OVAR-BPnet:一种用于无袖带血压测量的通用脉搏波深度学习方法。
OVAR-BPnet: A General Pulse Wave Deep Learning Approach for Cuffless Blood Pressure Measurement.
作者信息
Cen Yuhui, Luo Jingchun, Wang Hongbo, Chen Li, Zhu Xing, Guo Shijie, Luo Jingjing
出版信息
IEEE J Biomed Health Inform. 2024 Oct;28(10):5829-5841. doi: 10.1109/JBHI.2024.3423461. Epub 2024 Oct 3.
Pulse wave analysis, a non-invasive and cuff-less approach, holds promise for blood pressure (BP) measurement in precision medicine. In recent years, pulse wave learning for BP estimation has undergone extensive scrutiny. However, prevailing methods still encounter challenges in grasping comprehensive features from pulse waves and generalizing these insights for precise BP estimation.

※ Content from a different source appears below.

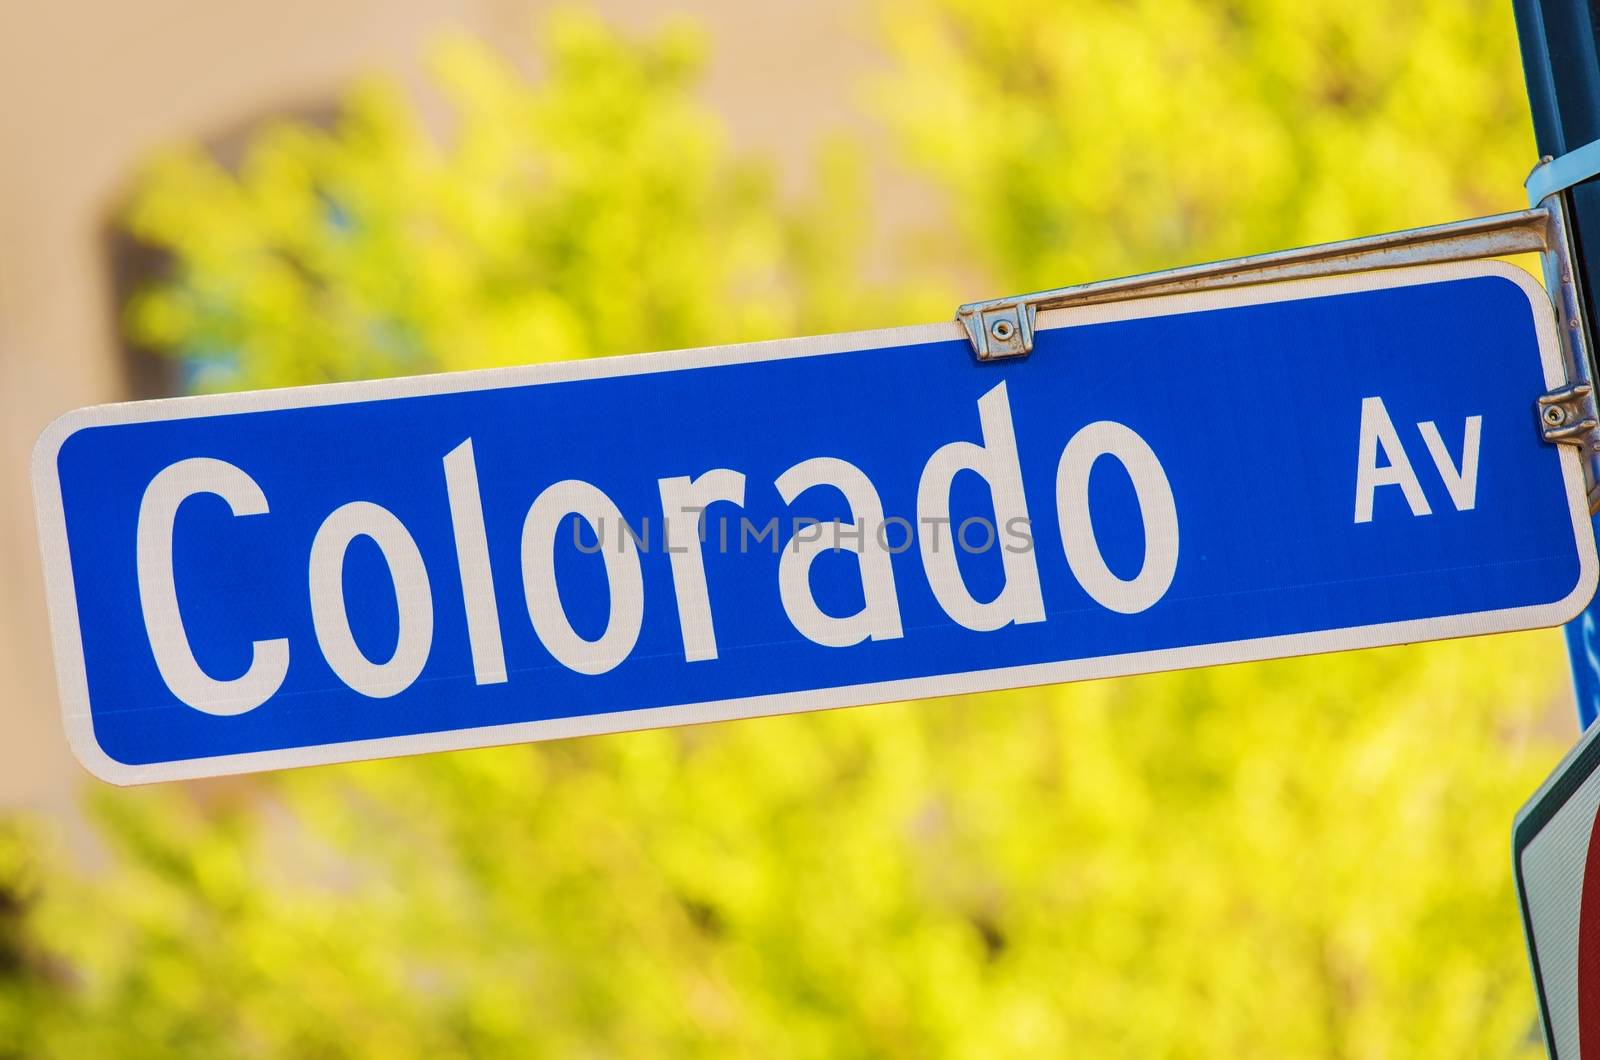 Colorado Avenue Street Sign on a Pole. Colorado Concept.

In this study, we propose a general pulse wave deep learning (PWDL) approach for BP estimation, introduc-ing the OVAR-BPnet model to powerfully capture intricate pulse wave features and showcasing its effectiveness on multiple types of pulse waves. The approach involves constructing population pulse waves and employing a model comprising an omni-scale convolution subnet, a Vision Transformer subnet, and a multilayer perceptron subnet. This design enables the learning of both single-period and multi-period waveform features from multiple subjects. Additionally, the approach employs a data augmentation strategy to enhance the morphological features of pulse waves and devise a label sequence regularization strategy to strengthen the intrinsic relationship of the subnets' output. Notably, this is the first study to validate the performance of the deep learning approach of BP estimation on three types of pulse waves: photoplethysmography, forehead imaging photoplethysmography, and radial artery pulse pressure waveform. Experiments show that the OVAR-BPnet model has achieved advanced levels in both evaluation indicators and international evaluation criteria, demonstrating its excellent competitiveness and generalizability. The PWDL approach has the potential for widespread application in convenient and continuous BP monitoring systems.
脉搏波分析是一种非侵入性、无袖带的方法,有望应用于精准医学中的血压(BP)测量。近年来,脉搏波学习在血压估计方面受到了广泛关注。然而,现有的方法在从脉搏波中捕捉全面特征并将这些见解推广到精确的血压估计方面仍然存在挑战。在本研究中,我们提出了一种通用的脉搏波深度学习(PWDL)方法来进行 BP 估计,引入了 OVAR-BPnet 模型,以强大的方式捕捉复杂的脉搏波特征,并展示了其在多种类型的脉搏波上的有效性。该方法涉及构建人群脉搏波,并采用包含全尺度卷积子网、视觉转换器子网和多层感知器子网的模型。这种设计使得从多个主体学习单周期和多周期波形特征成为可能。此外,该方法采用数据增强策略来增强脉搏波的形态特征,并设计标签序列正则化策略来增强子网输出的内在关系。值得注意的是,这是首次在三种类型的脉搏波(光电容积脉搏波、额成像光电容积脉搏波和桡动脉脉搏压波形)上验证 BP 估计的深度学习方法性能的研究。实验表明,OVAR-BPnet 模型在评估指标和国际评估标准方面都达到了先进水平,显示出其卓越的竞争力和通用性。PWDL 方法有可能广泛应用于方便和连续的 BP 监测系统中。